なお、口紅やファンデーションなど、化粧品はもともと“落ちない”ように作られているもの。油分だけでなく、顔料や香料などさまざまなものが入っているので、『おしゃれ着用洗剤』、もしくは『一般衣類用洗剤』を該当箇所にしっかりと塗布してから洗うようにしてください」」
粉末洗剤と液体洗剤の差異に関しては、粉末の方が「皮脂、ドロ、食べ物汚れなど幅広い汚れに適している」ことが特徴として挙げられ、一方、液体は「皮脂やニオイ汚れの洗浄力に優れている」ことが挙げられるそう。直接、塗布する場合は液体を選ぶようにしましょう。
大貫さんに教わった通り、ミートソースの汚れ箇所に「液体酸素系漂白剤」(ライオン社『ブライトSTRONG』など)を直接塗布し、洗濯機で洗ったところ、しっかり汚れが落ちていました(上の写真)。
食事の最中に汚れやシミが付着すると、「どうしよう・・・」と焦ってしまうものですが、上の対応をして、なるべく早く洗濯をすれば、元通りになる――。水で流したり、ハンドソープでこすることが、かえって衣服にダメージを与えかねない行動だと理解できました。汚れが付着しても焦って対応しないことが肝心というわけです。
(大貫さん)「時間のたった食べこぼしの汚れや、エリ・袖の頑固な黒ずみ汚れに関しては、高濃度液体洗剤 (ライオン社の場合『トップスーパーNANOX』高濃度液体洗剤)を該当箇所に塗布して、一晩放置後、洗濯することをおすすめしています。ただし、標準コースで洗える衣類に限ることと、高濃度液体洗剤の中には一晩放置をうたっていないものもあるため、その点に留意してください」
衣類を洗わずにシミだけ取りたい時のシミ抜き方法
衣類の丸洗いを望まず、あくまで該当箇所だけを洗いたい、シミを取りたいという場合の手順は以下の通りです。
(1)シミの汚れを取るタオルを用意し、その上にシミがついている面を下に向けて置く。
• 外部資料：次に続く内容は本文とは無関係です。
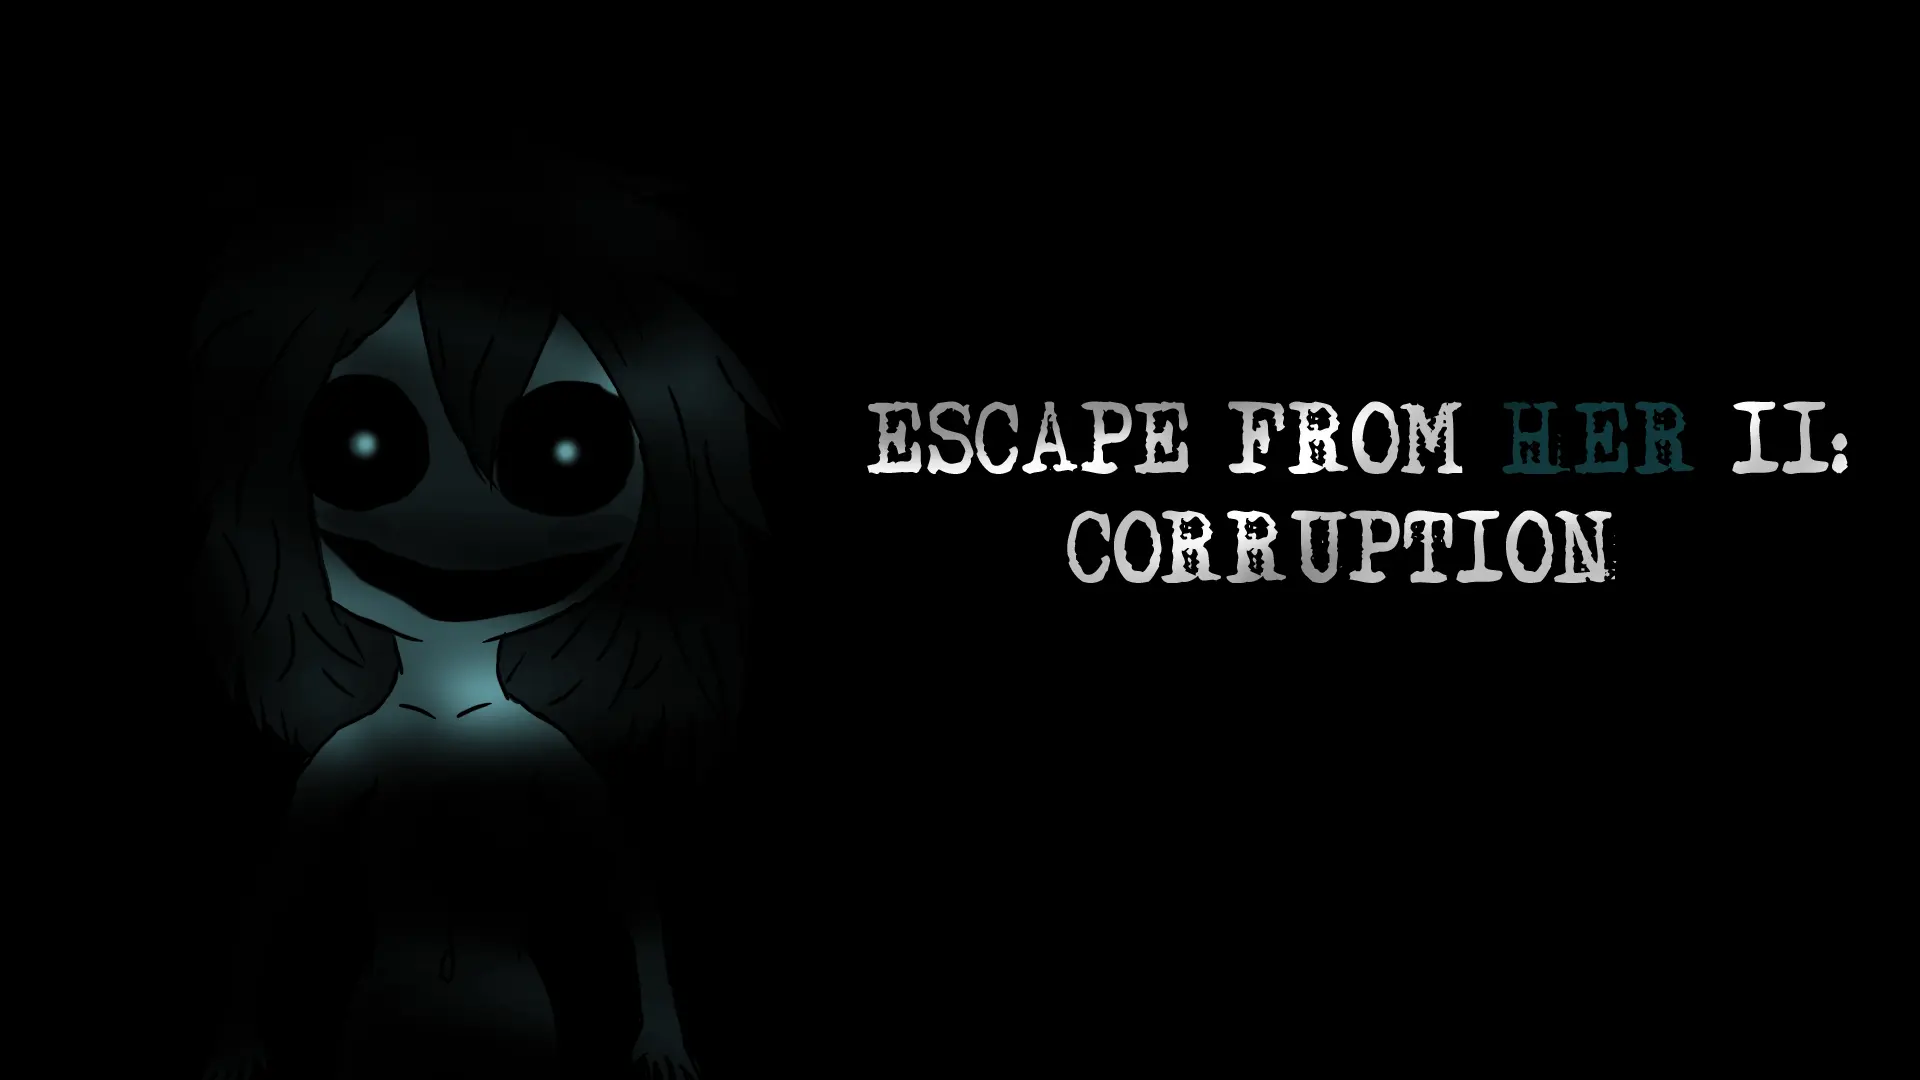 Escape from her II: Corruption main image

(2)ハンカチやタオルに洗剤液やアルコール・ベンジンなど(※)をつけ、シミの裏からトントンと叩く
※ハンカチやタオルに含ませる洗浄液はシミの種類が水溶性か油溶性かによって変わります。詳しくは以下の手順をご確認ください。シミの成分がわからない時は、まず“油溶性”、次に“水溶性”の順で試していきます。
(大貫さん)「シミの表から叩くと、汚れが中に染み込んでいってしまいます。そのため、シミの裏面から叩くようにしてください」
水溶性のシミの場合
まずは、使用する薬剤を目立たない部分につけて叩きます。
その際、白い布に色が移ったり、色落ちやシミができてしまったりした場合は、家庭では染み抜きができません。専門店に相談しましょう。
かたく折りたたんだハンカチやタオルに、水で薄めた洗剤液(100ccの水におしゃれ着用洗剤2ml溶かしたもの)をつけて、シミの裏側を周囲から内側に向けて叩く。下に敷いているタオルの位置をずらしながら、シミが落ちるまで繰り返す。汚れが落ちたら、別のハンカチに水をつけて、叩いて、洗剤液を落とします。輪ジミを防ぐために、水を付けたハンカチで、シミの周りをぼかすようにふくことがポイント。
油溶性のシミの場合
ハンカチにベンジンや消毒用のアルコールなどをつけて、やはりシミの裏面から叩きます。落ちなかった場合は、水溶性のシミの手順を試すようにします。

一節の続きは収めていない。